Study turns pigeons into “art critics”

World Science staff

You can have an eye for art. Or, you can have a bird’s eye view of something.

But both at the same time?

A Japanese researcher is reporting that he has trained pigeons to tell apart “good” and “bad” children’s paintings, in the process making judgments that largely agree with those of human viewers.

Can animals make artistic judgments? A researcher claims to have trained pigeons to tell apart “good” and “bad” children’s paintings
Whether the birds are weighing the works based on artistic merit, or on some other characteristic or cue, may not be fully ascertainable. But somehow, the avians could distinguish between pictures previously rated as good or bad by adults, according to psychologist Shigeru Watanabe of Keio University in Tokyo.

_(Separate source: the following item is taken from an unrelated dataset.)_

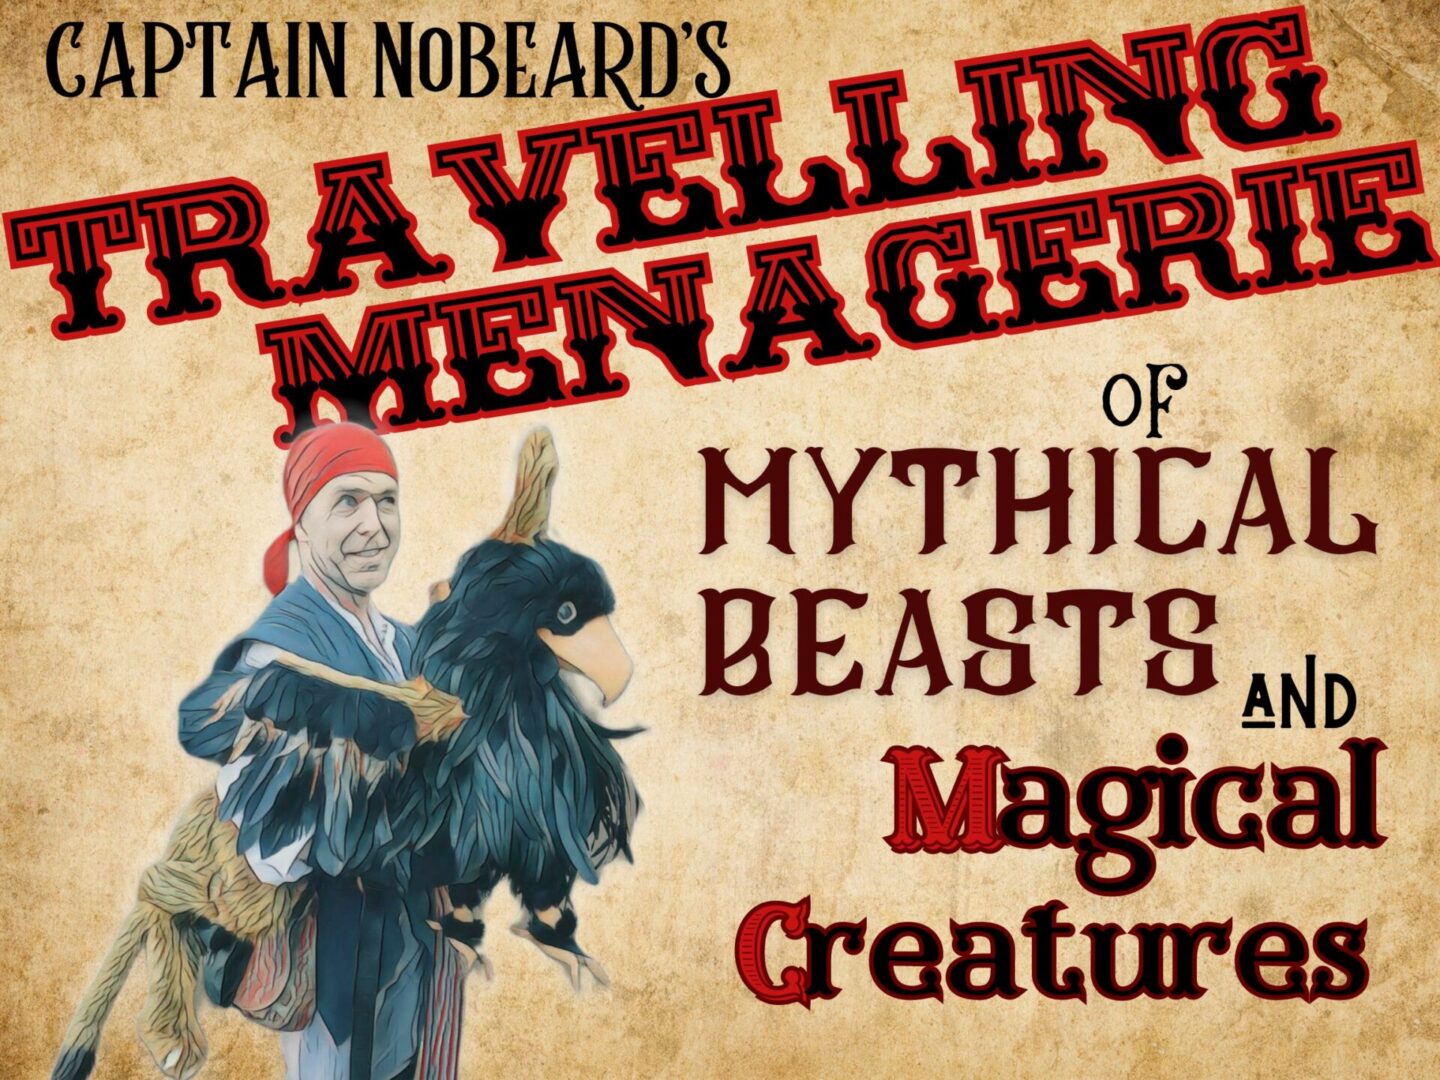 Captain Nobeards Travelling Menagerie promotional image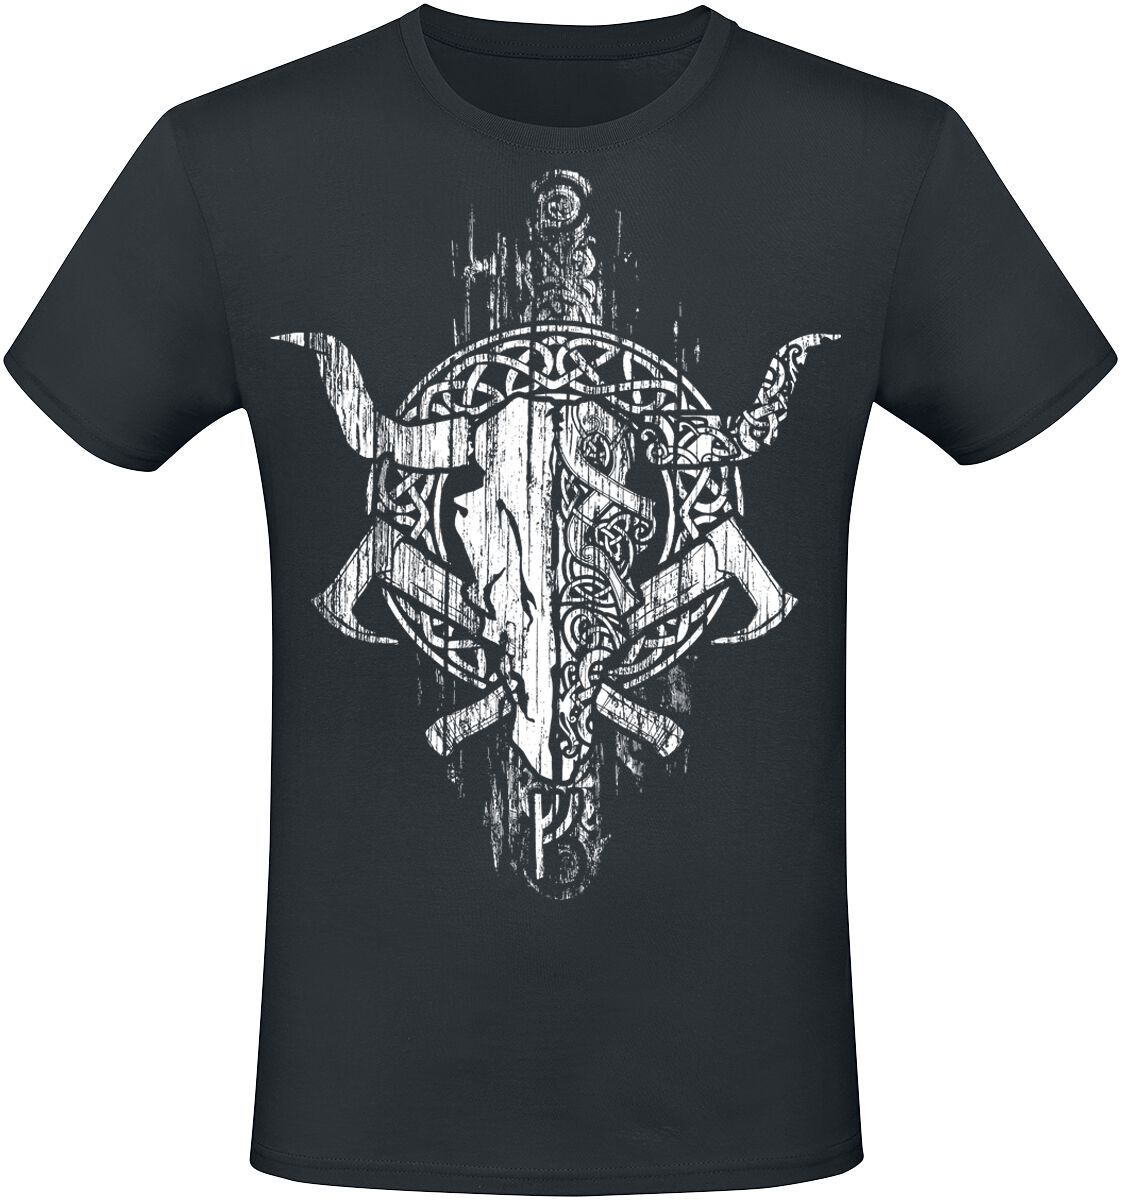 Wacken Open Air T-Shirt - W.O.A. - Wacken Awaits - S bis 5XL - für Männer - Größe 5XL - schwarz  - EMP exklusives Merchandise!

Perhaps pigeons can “learn the concept of ‘beauty’ as defined by humans,” wrote Watanabe in the study, published in the June 16 issue of the research journal Animal Cognition.

Watanabe first asked a group of adults to judge several children’s paintings. Sophisticated evaluations weren’t requested: the viewers were simply asked to rate the works as “good” or “bad”—that is, beautiful or ugly.

Later, pigeons were trained, through dispensation of treats, to peck at “good” paintings. Pecking at “bad” ones would net them no reward.